• Thu. May 23rd, 2024

Penticton locks in 9.5% tax hike | News


Mar 18, 2023 #hike, #locks, #News, #Penticton, #TAX

A last-minute push to tap the city’s general surplus to slash the 2023 tax hike to 5% just narrowly failed by a 4-3 vote Thursday, leaving Penticton property owners on the hook for a 9.5% jolt instead.

The effort to draw on the accumulated surplus or possibly an incoming $7.2-million infrastructure grant from the B.C. government — which hasn’t yet specified the conditions attached to it — was led by Coun. Helena Konanz and supported by Couns. Ryan Graham and James Miller.

But to do so would have been a “terrible mistake,” warned Coun. Campbell Watt, who was a part of the last council that is responsible for a 3.3% deferred hike this year and the next two.

“This is not sustainable, it’s not something we can do every year. So, ultimately, instead of 3.3% next year, maybe we’re looking at an automatic 6% and that doesn’t make any sense to me. I do not want to follow up — I won’t say a mistake — but follow up a Band-Aid with another Band-Aid,” said Watt.

The main budget was approved by an identical 4-3 vote with Couns. Graham, Konanz and Miller opposed.

Through two full days of deliberations, council managed to shave just 0.2% off the 9.7% increase proposed by staff.

The 9.5% tax hike will see the owner of an average home worth $662,000 pay an extra $177 this year on top of utility rate increases that will tack on another $61.
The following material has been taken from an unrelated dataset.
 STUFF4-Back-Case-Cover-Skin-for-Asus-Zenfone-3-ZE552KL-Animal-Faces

For the average commercial property worth $1.2 million, the tax hit will be an additional $674 on top of an extra $380 in utility fees.

Those estimates prepared by city staff are based on a business tax multiplier of 2.22, which is up from 2.14 this year, but will be “revenue-neutral,” according to finance manager Angela Campbell, since residential property assessments grew at a larger rate than commercial assessments in 2022.
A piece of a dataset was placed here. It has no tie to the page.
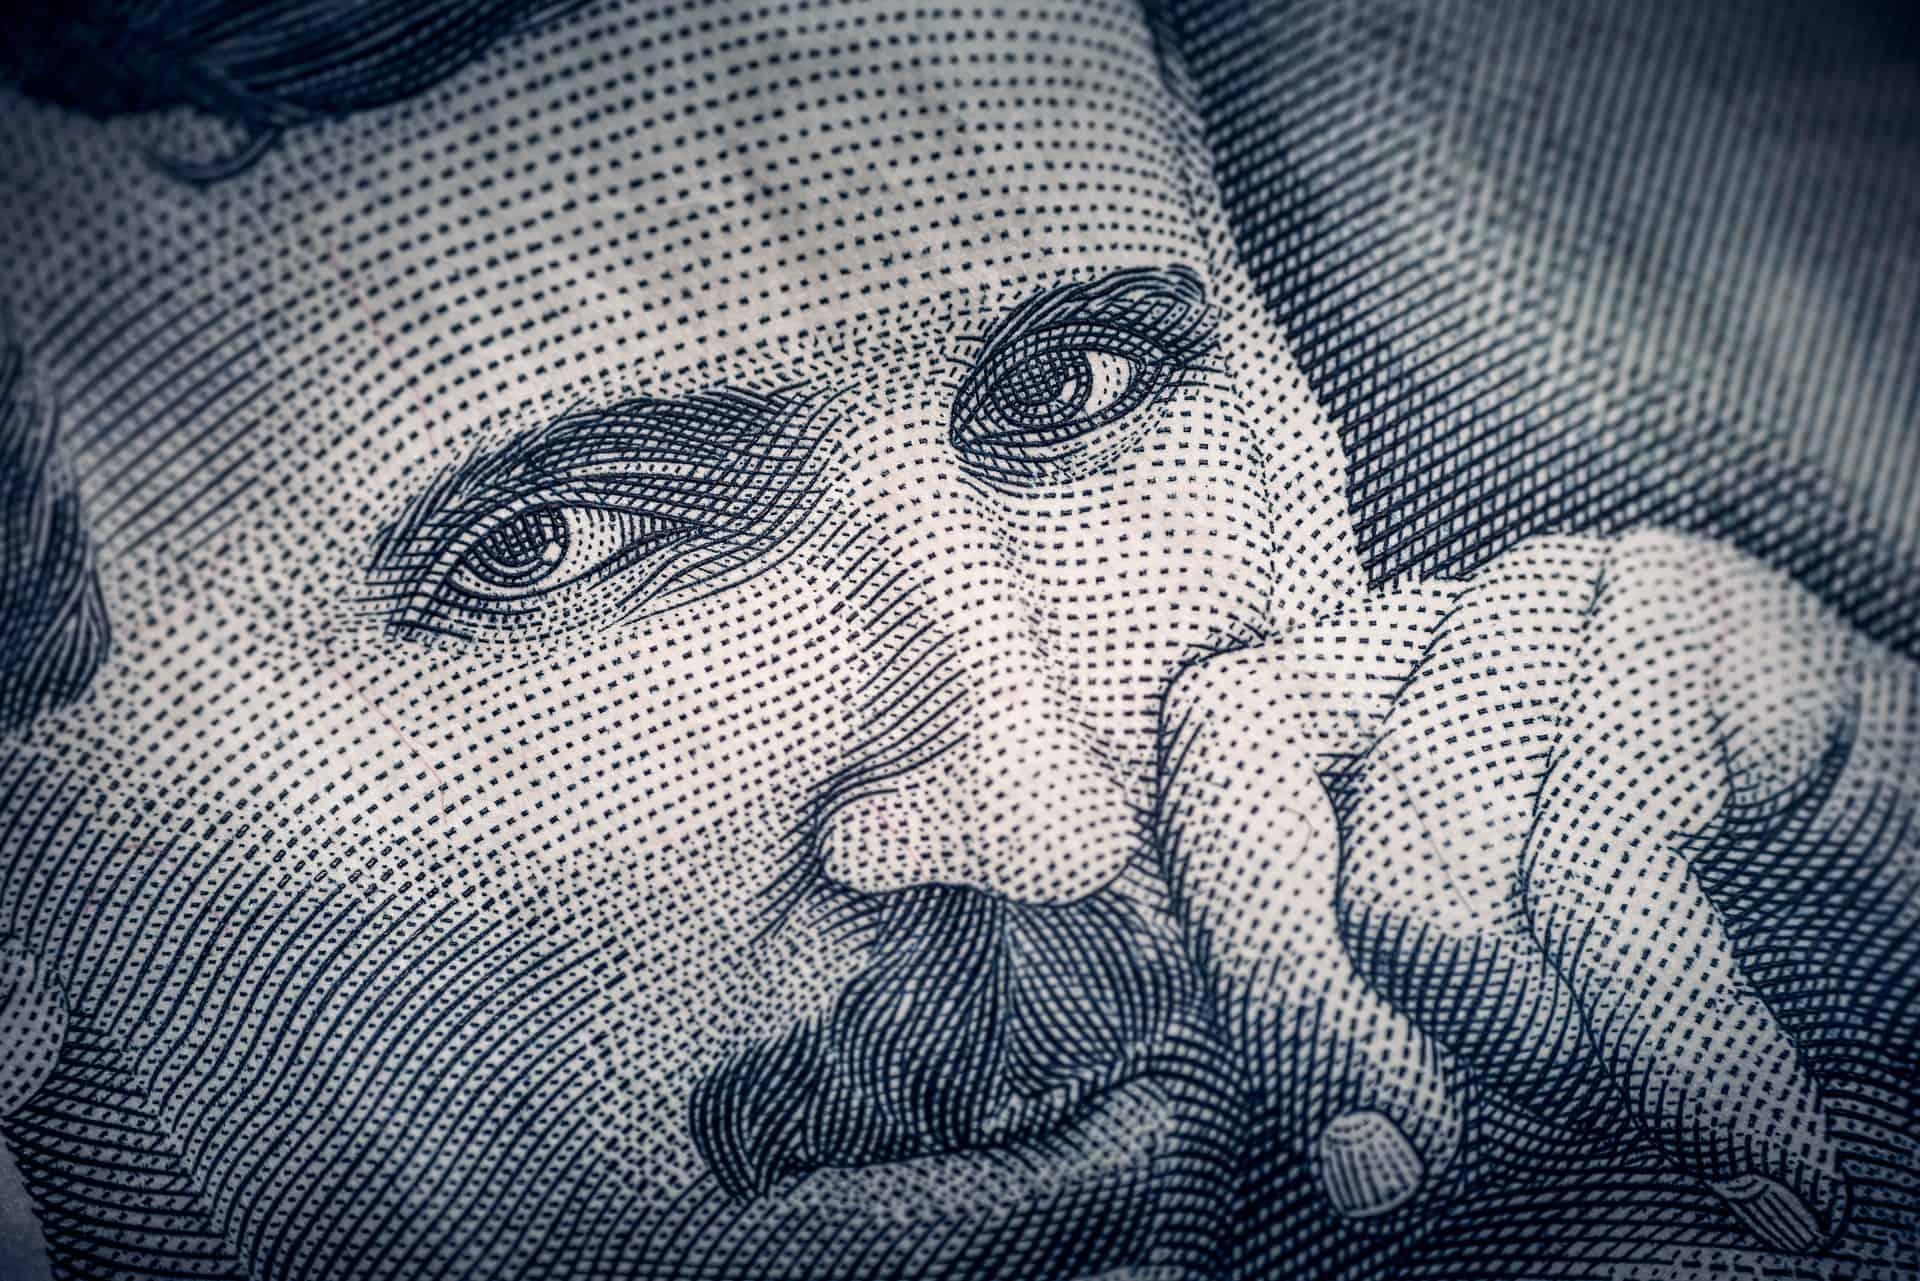 Is Elon Musk Related to Nikola Tesla? - Celeb Answers

There was talk of maintaining the business tax multiplier at 2.14 though and it won’t actually be set until April.

Konanz’s bid to chop the tax hike to 5% came late Thursday afternoon just ahead of the final vote in what she pitched as an effort to support small businesses and residents who are struggling to keep up with inflation and a potential economic downturn on the horizon.

“We need to bring taxes down to a manageable point for people for the year and then we can get our house in order,” said Konanz, who noted the city’s general fund expenditures will be up 42% from 2020.

Throughout budget deliberations, Konanz frequently found herself on the losing end of 4-3 votes to cut costs along with Couns. Amelia Boultbee and Miller.

But by the time the final vote rolled around, Boultbee said she was satisfied with the books and the “lean team” in place at city hall.

“I’ve had contact with other government roles before where the waste is absolutely colossal and it’s easy to see where you can save. And I have to say that I’m not seeing it here at city hall. I’m not seeing that we have excess staff. I think we have staff in proportion to the services we are offering,” said Boultbee.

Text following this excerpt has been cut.